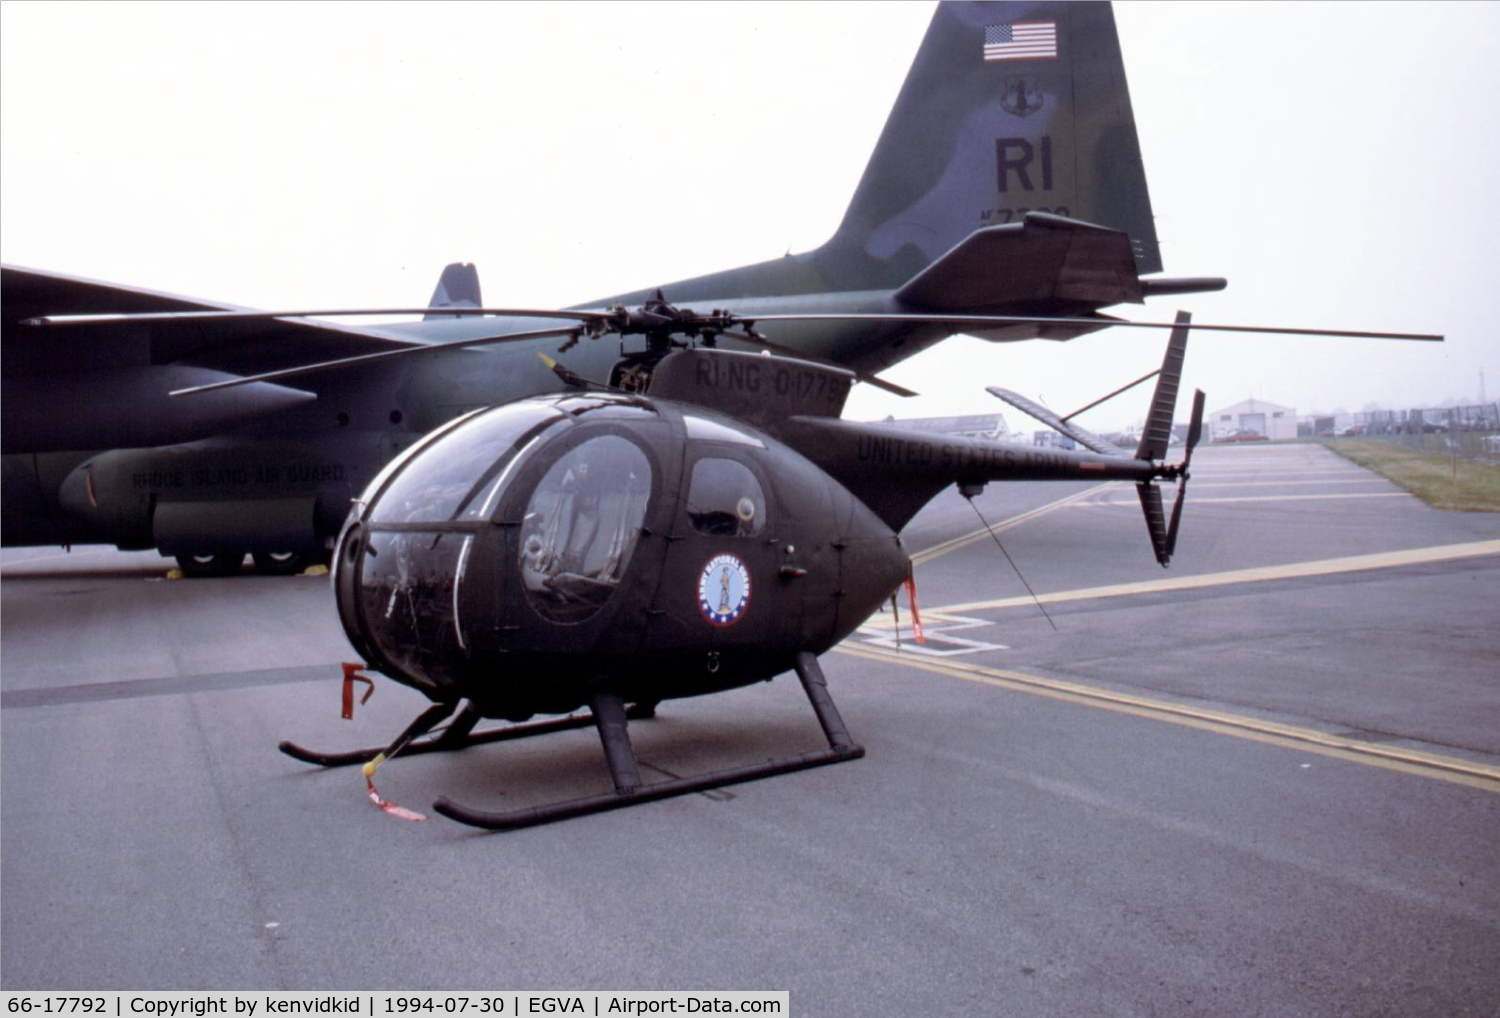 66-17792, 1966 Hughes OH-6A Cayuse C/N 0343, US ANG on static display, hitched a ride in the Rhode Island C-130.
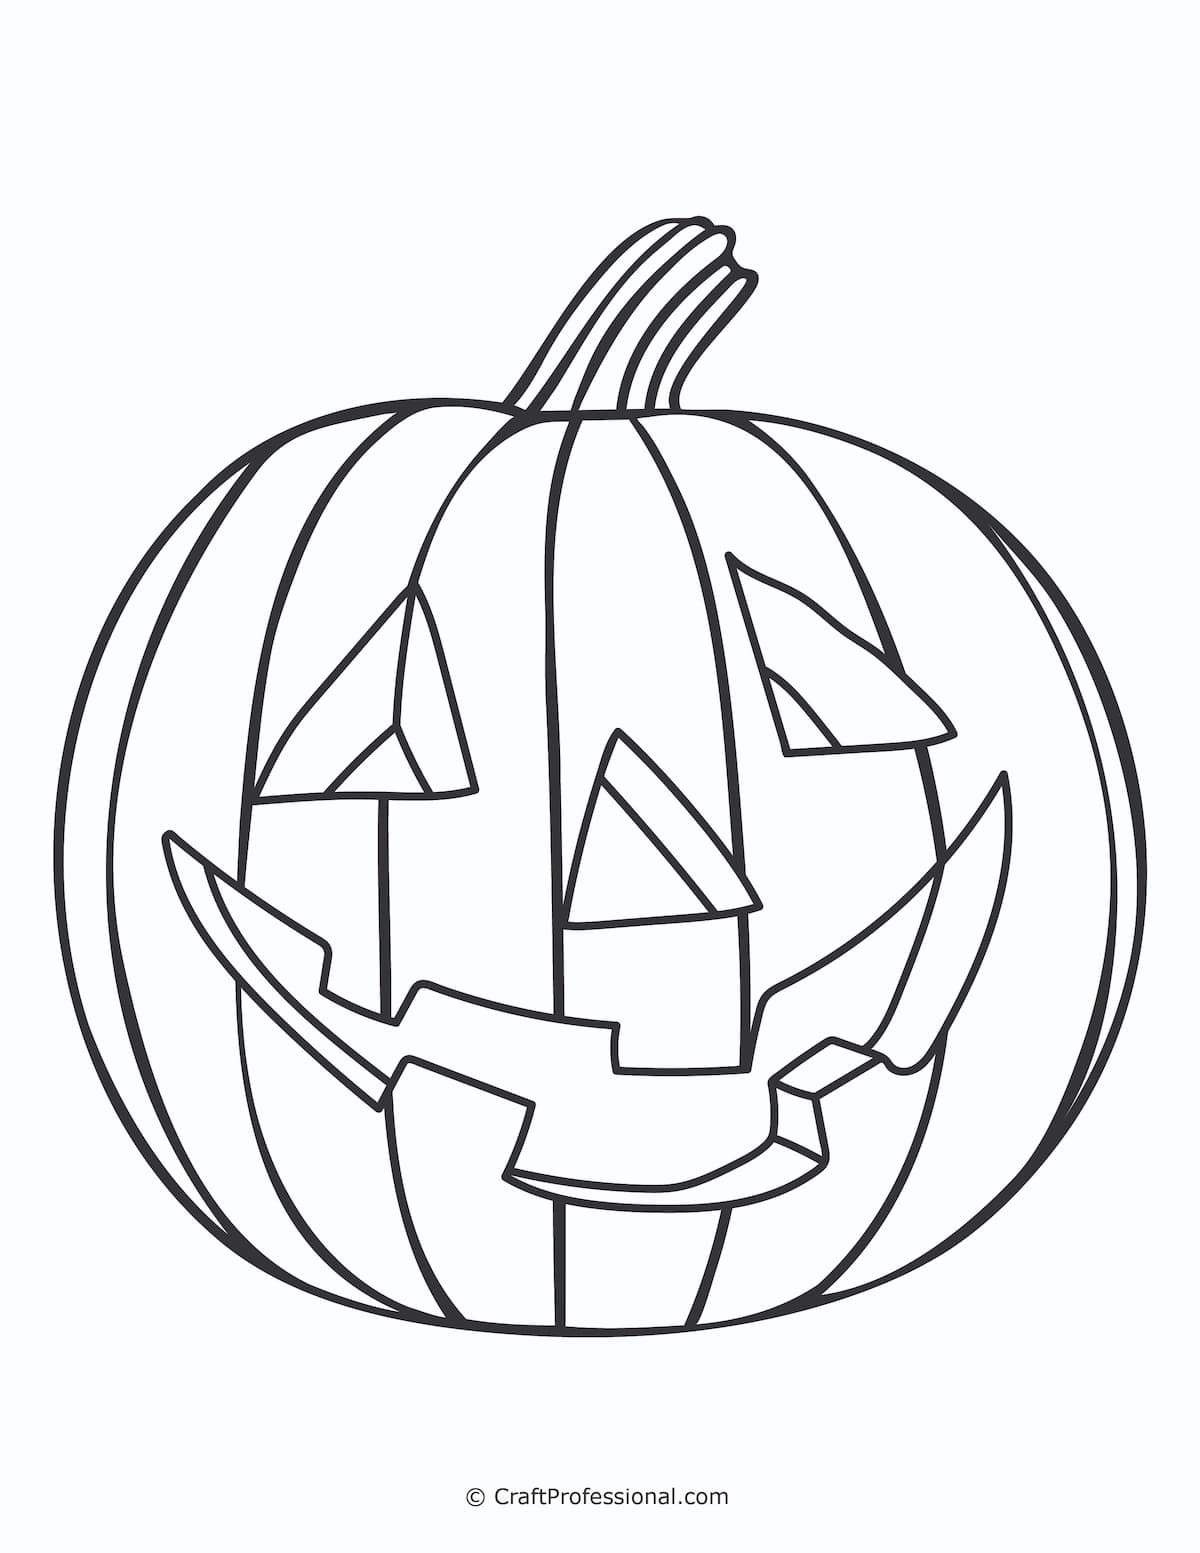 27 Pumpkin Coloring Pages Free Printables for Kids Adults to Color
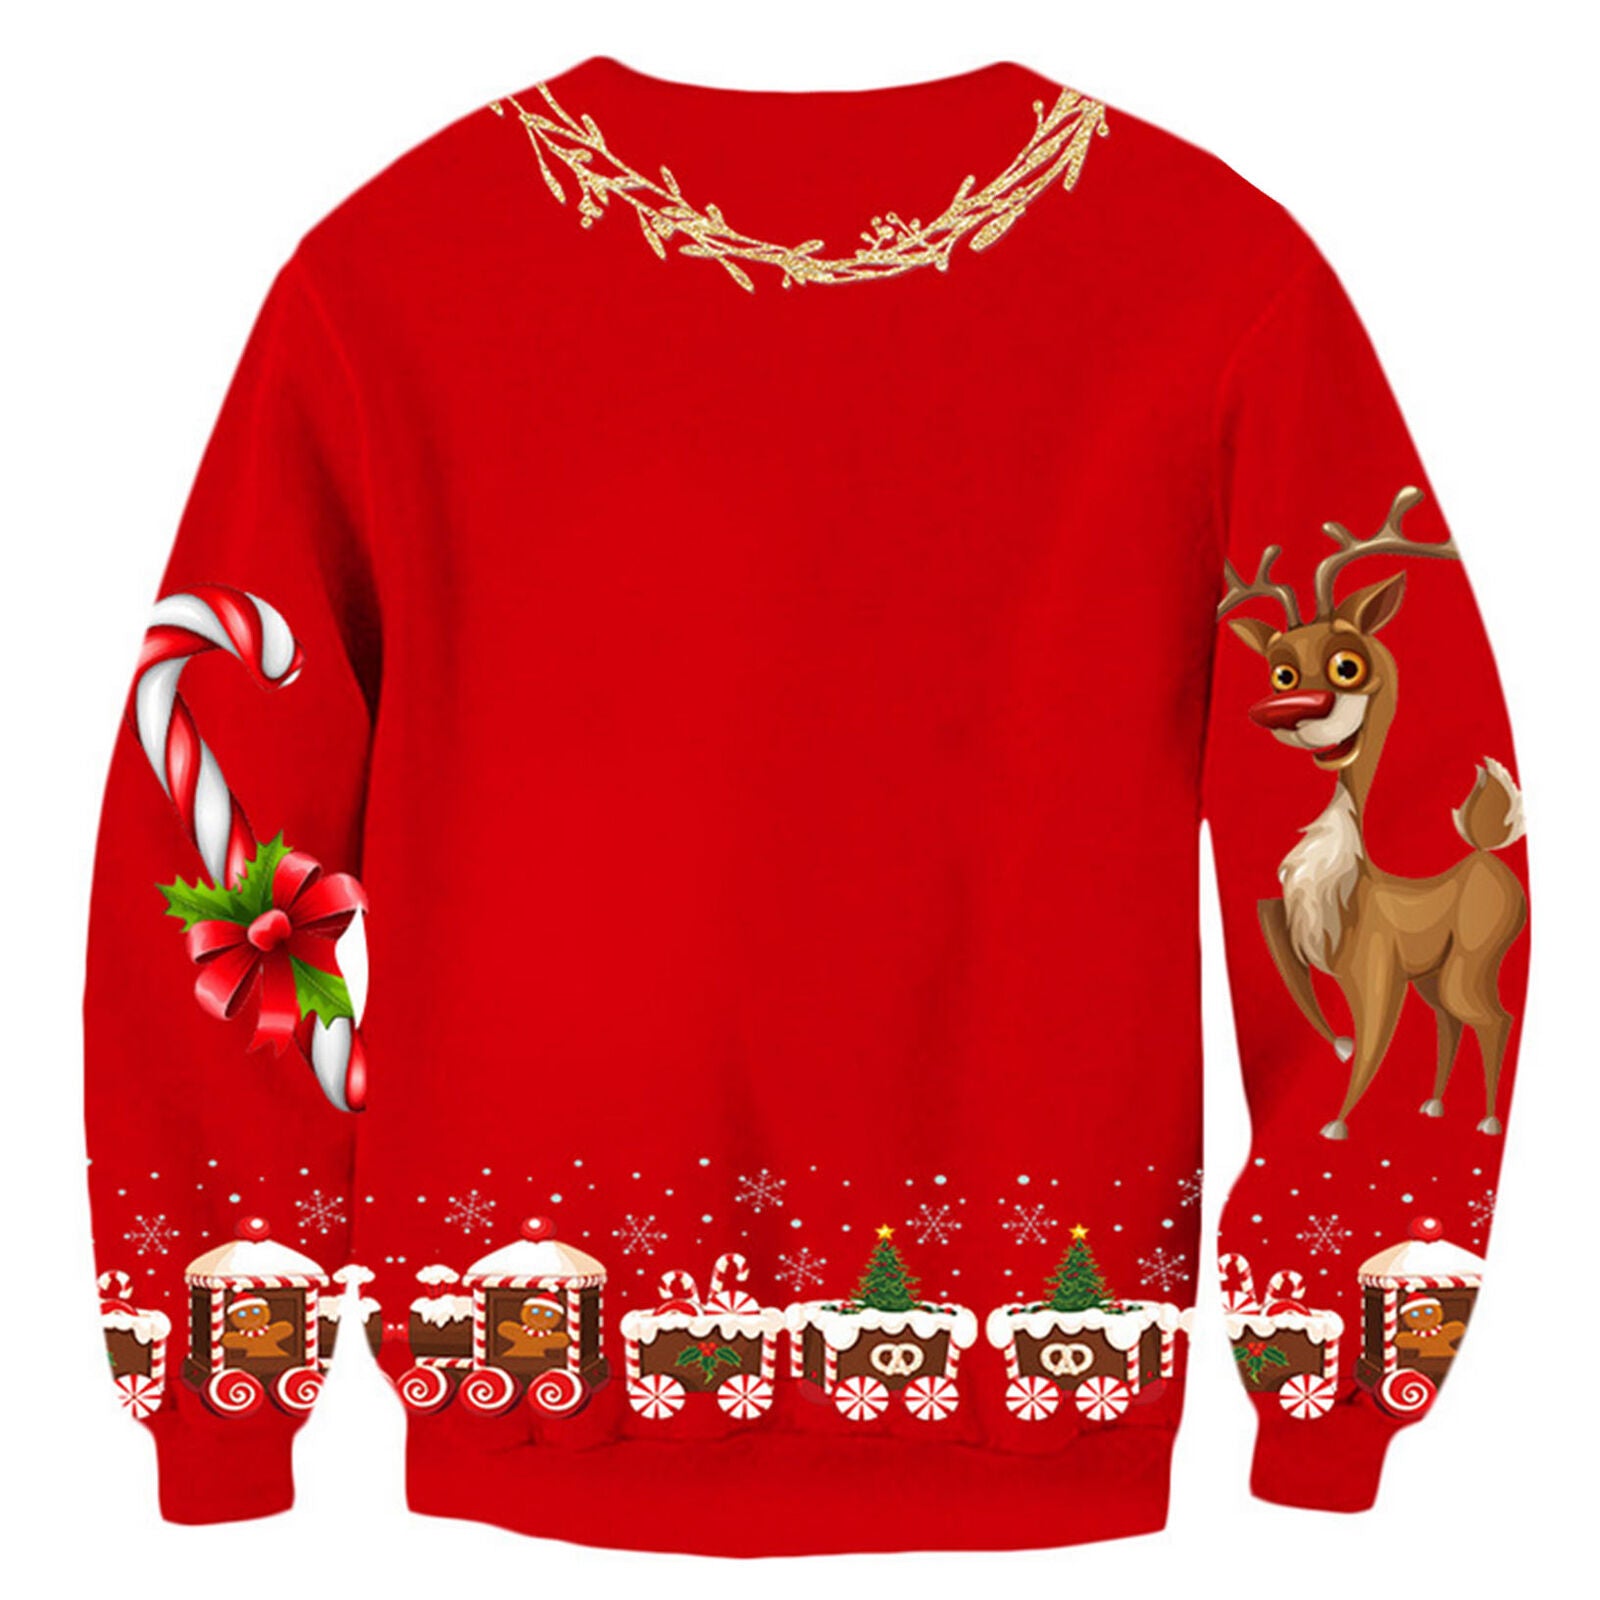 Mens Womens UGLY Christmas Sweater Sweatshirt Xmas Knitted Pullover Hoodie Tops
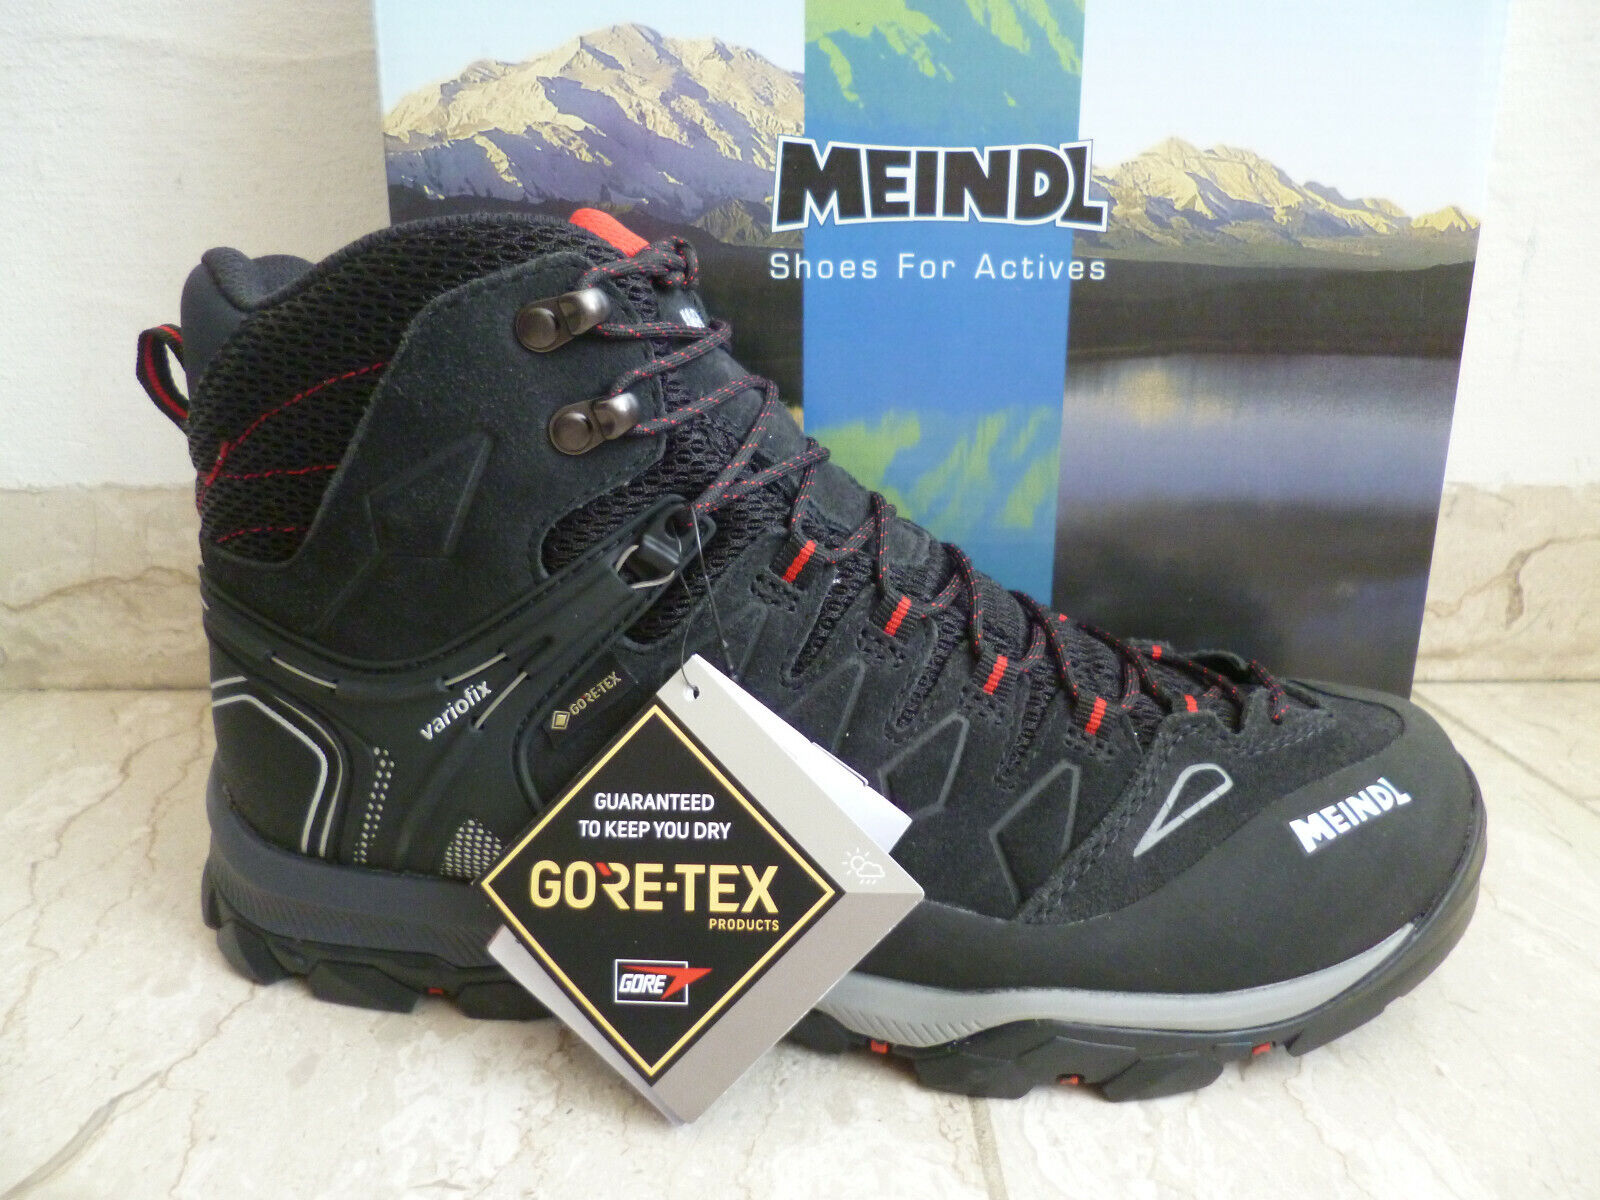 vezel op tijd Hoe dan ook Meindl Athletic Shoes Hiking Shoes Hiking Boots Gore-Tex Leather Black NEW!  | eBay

• **The task**
Give back the listing word for word, minus its images.

• **Task result**
 66-17792, 1966 Hughes OH-6A Cayuse C/N 0343, US ANG on static display, hitched a ride in the Rhode Island C-130.
 27 Pumpkin Coloring Pages Free Printables for Kids Adults to Color
 Mens Womens UGLY Christmas Sweater Sweatshirt Xmas Knitted Pullover Hoodie Tops
 vezel op tijd Hoe dan ook Meindl Athletic Shoes Hiking Shoes Hiking Boots Gore-Tex Leather Black NEW!  | eBay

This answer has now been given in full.